What matters most for the FTX bankruptcy process is not the meme-worthy valuation porn, but the fact that asset recovery could still affect creditors. In a bankruptcy case, every valuable stake matters because it helps determine how much can eventually be returned to the people who got wrecked. That doesn’t erase the fraud or soften the damage, but it does explain why the remaining portfolio keeps drawing attention. The wreckage is still worth something, even if the people who caused it are worth less than a used modem in the court of public opinion.
On the political side, one escape hatch appears to be firmly shut. Trump has said he will not pardon Bankman-Fried. That won’t stop the speculation machine from spinning, because apparently some people would rather refresh pardon rumors than accept reality, but the stated position is clear: no pardon for SBF.
So where does that leave him? For now, his request for a new trial is off the table. He still has the appeal process, and he says he may refile later. But the core facts remain unchanged: he was convicted, he was sentenced to 25 years in prison, and the public appetite for mercy is basically zero.
The bigger lesson is the one crypto keeps getting forced to relearn the hard way: centralized fraud wrapped in futuristic branding is still just fraud. No amount of buzzwords, venture hype, or “effective accelerationism” theater can paper over stolen trust. Some people build systems that empower users. Others build castles on other people’s deposits and act shocked when the moat turns into a crime scene.
- What happened to SBF’s new trial request?

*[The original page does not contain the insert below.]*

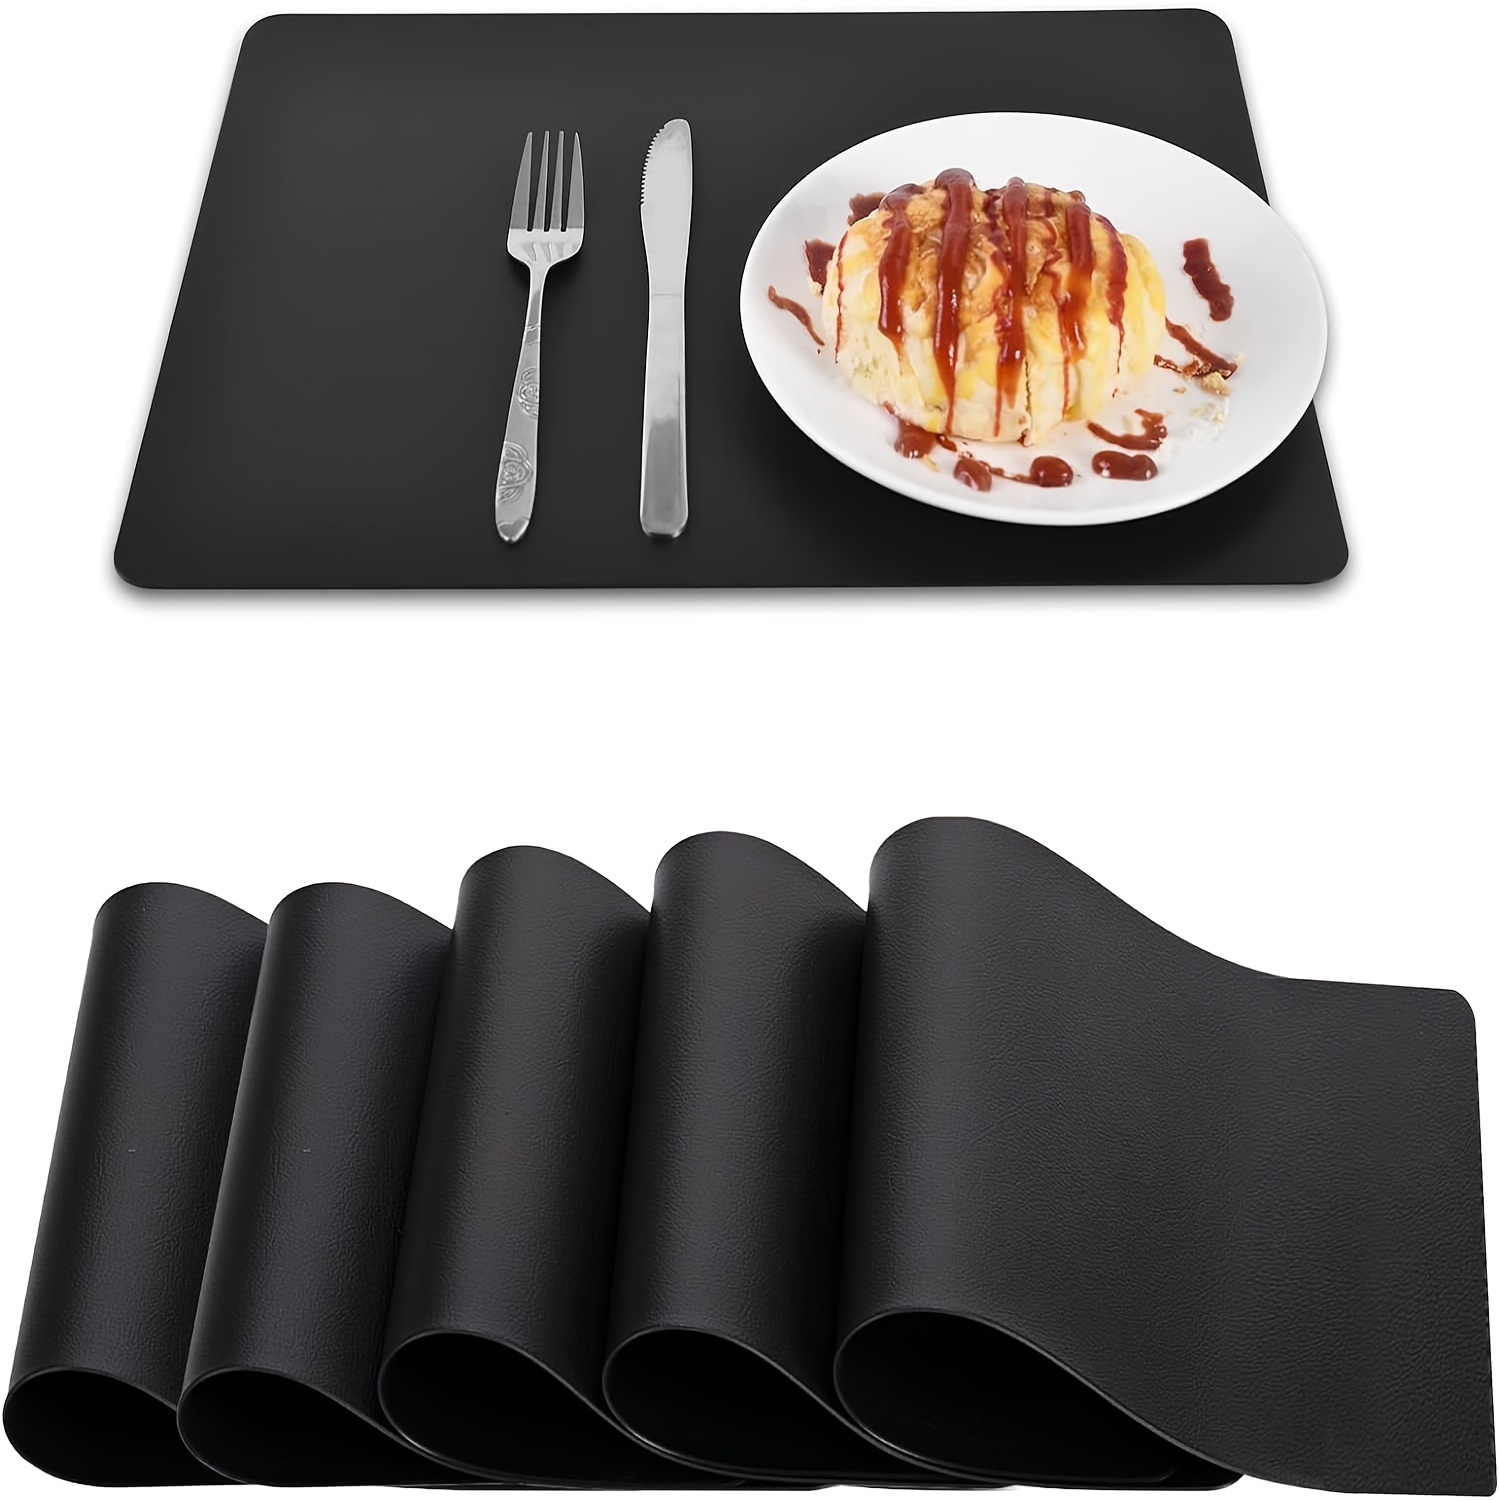 

6-pack Square Leather Place Mats, Heat-resistant Waterproof Table Mats, Hand Wash Only, Non-textile Weaving, 40x30cm For Kitchen Dining Indoor Outdoor Use

He withdrew it, though he says he may file again later after appealing and after the case is reassigned. - What is a Rule 33 motion?
It is a federal request for a new trial, usually based on newly discovered evidence or a claim that justice requires another hearing. - Why is the crypto community still furious?
SBF became the symbol of FTX’s collapse, lost customer funds, and the kind of arrogance that made the whole industry look reckless. - Why do FTX’s remaining assets still matter?
Because they may help creditor recovery, even if the estate’s value mostly serves as a bitter reminder of how much was destroyed. - Is a Trump pardon likely?
No. Trump has said he will not pardon Bankman-Fried. - What does this say about crypto accountability?
It shows that fraud can be punished, but only after the damage is done. The industry still has to do better at preventing these disasters in the first place.